As can be seen, this function requires about 1 microsecond on most systems and a few microseconds on others. The measurements on a Windows NT system show characteristics similar to those we found for Linux using times (Figure 8.) Since gettimeofday is implemented using the process timers, the error can be negative or positive and is mainly erratic for short duration measurements. Accuracy improves over time, to the point where the error is less than .

This can be seen by comparing the measurements with the results of Load 1 in Figure 12 (without compensation) and in Figure 14 (with compensation.) Using compensation we can achieve better than accuracy, even for measurements up to 300ms. Details about the implementation of the operating system and library function can have a significant effect on what kinds of programs can be measured and with what accuracy. This leads to the compensation scheme that greatly improves accuracy on a lightly loaded Linux system.

Given the variations from one system to another, and even from one OS kernel release to another, it's important to be able to analyze and understand the many aspects of a system that affect its performance. It is relatively easy for the operating system to manage the cycle counter to show the number of cycles passed for a specific process. Then, when the process is reactivated, the loop counter is set to the value it had when the process was last deactivated, effectively freezing the counter while the process is inactive.

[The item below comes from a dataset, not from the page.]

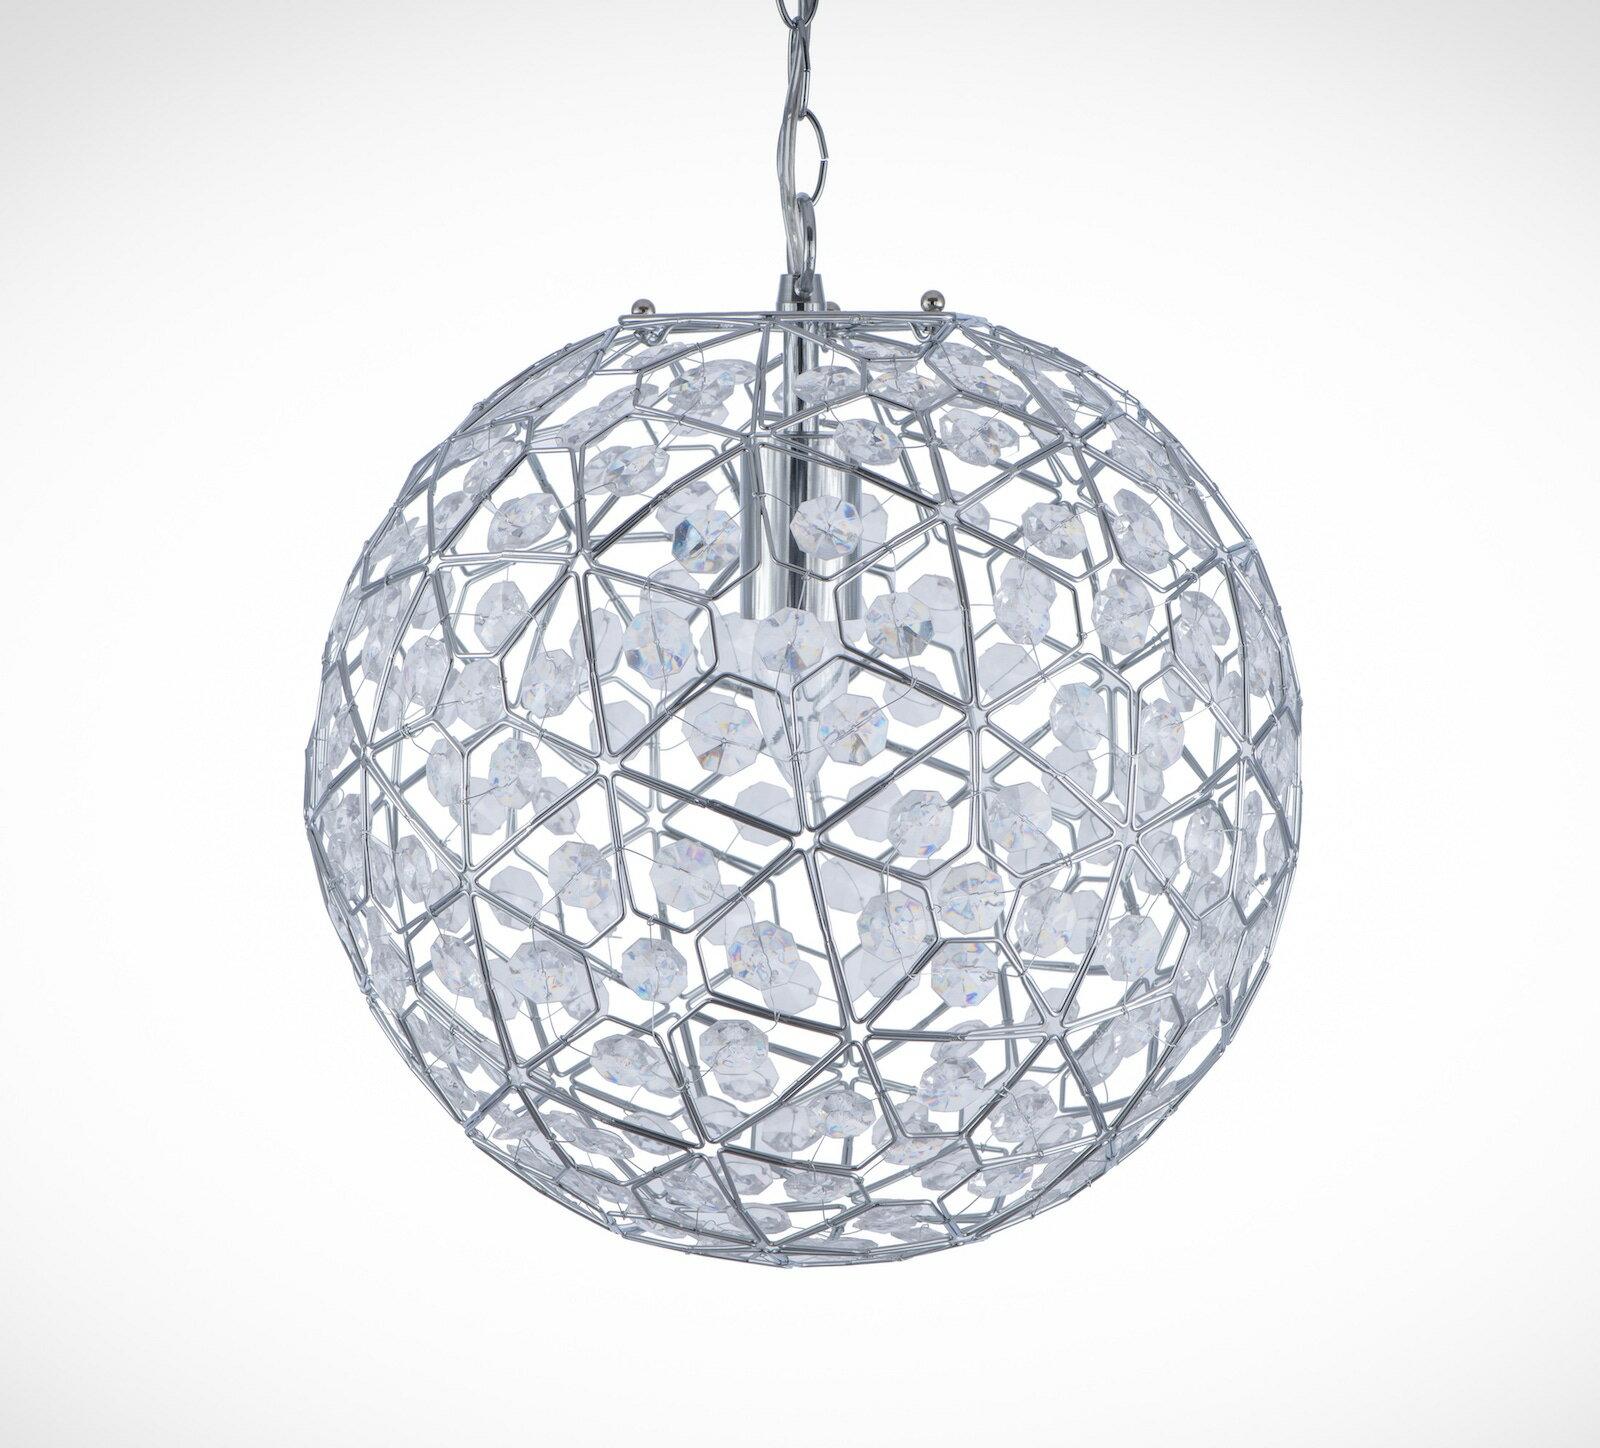 圓形幾何圖案壓克力吊燈-BNL00069 0
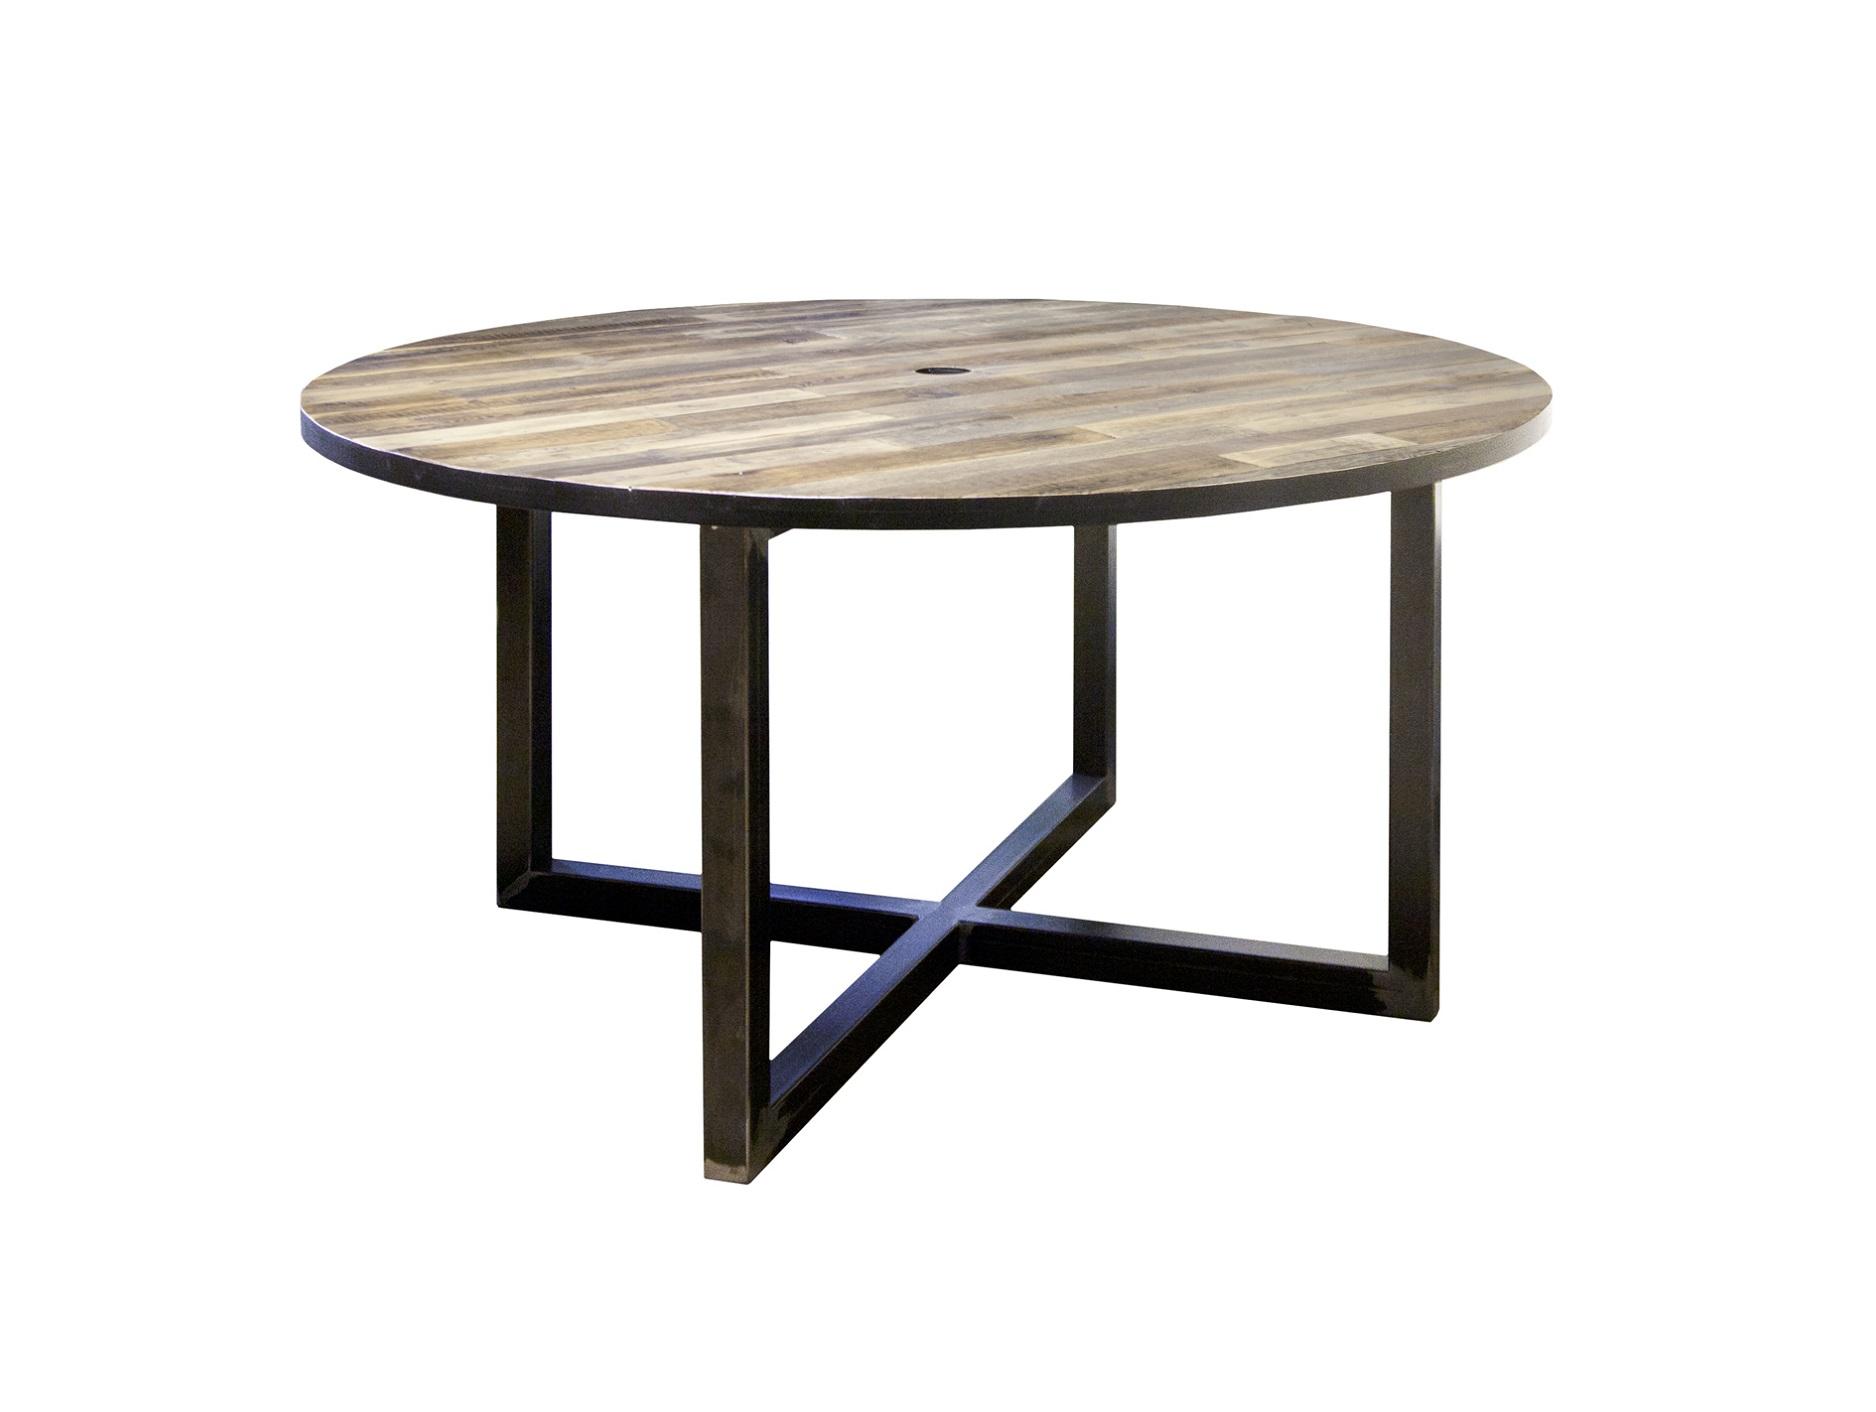 Стол Old round megacrossОбеденные столы<br>&amp;lt;div&amp;gt;Стол&amp;amp;nbsp;&amp;quot;Old Round Megacross&amp;quot; органично впишется в минималистичные интерьеры, где основу составляет свободное пространство. Круглая столешница изготовлена из березы и имитирует паркетную доску. Нижнее основание из стали выполнено в виде массивных скобок. Отлично подойдет для кухни или столовой в стиле лофт.&amp;amp;nbsp;&amp;lt;/div&amp;gt;&amp;lt;div&amp;gt;&amp;lt;br&amp;gt;&amp;lt;/div&amp;gt;&amp;lt;div&amp;gt;Материал: старая доска, березовая фанера, сталь&amp;lt;/div&amp;gt;&amp;lt;div&amp;gt;Особенности: на основание крепится мебельный войлок или колеса&amp;lt;/div&amp;gt;&amp;lt;div&amp;gt;Возможно изготовление в других размерах и отделке. Подробности уточняйте у менеджера.&amp;lt;br&amp;gt;&amp;lt;/div&amp;gt;<br><br>Material: Береза<br>Высота см: 75

In an effort to reduce power consumption, future systems will vary the clock speed, as power consumption is directly proportional to the clock speed.

A Solution to Problems

Solution
Solution
Solution
Solution
Solution
Solution
Solution
Solution
Solution
Solution

For the minimal case, the segment started just before the time 10 timeout and ended just as the time 70 timeout occurred, giving a total time of just over 60 ms. For the maximal case, the segment started immediately after the time 0 timeout and continued until just before the time 80 timeout, giving a total time of just under 80 ms. In the actual trace, the process took 63.7 ms in user mode and 3.3 ms in kernel mode.

If the call to sleep occurs just after a timer interrupt, the process will be inactive for almost exactly 2 seconds. If it occurs just before a timer interrupt, then it will be inactive for just 1.99 seconds, give.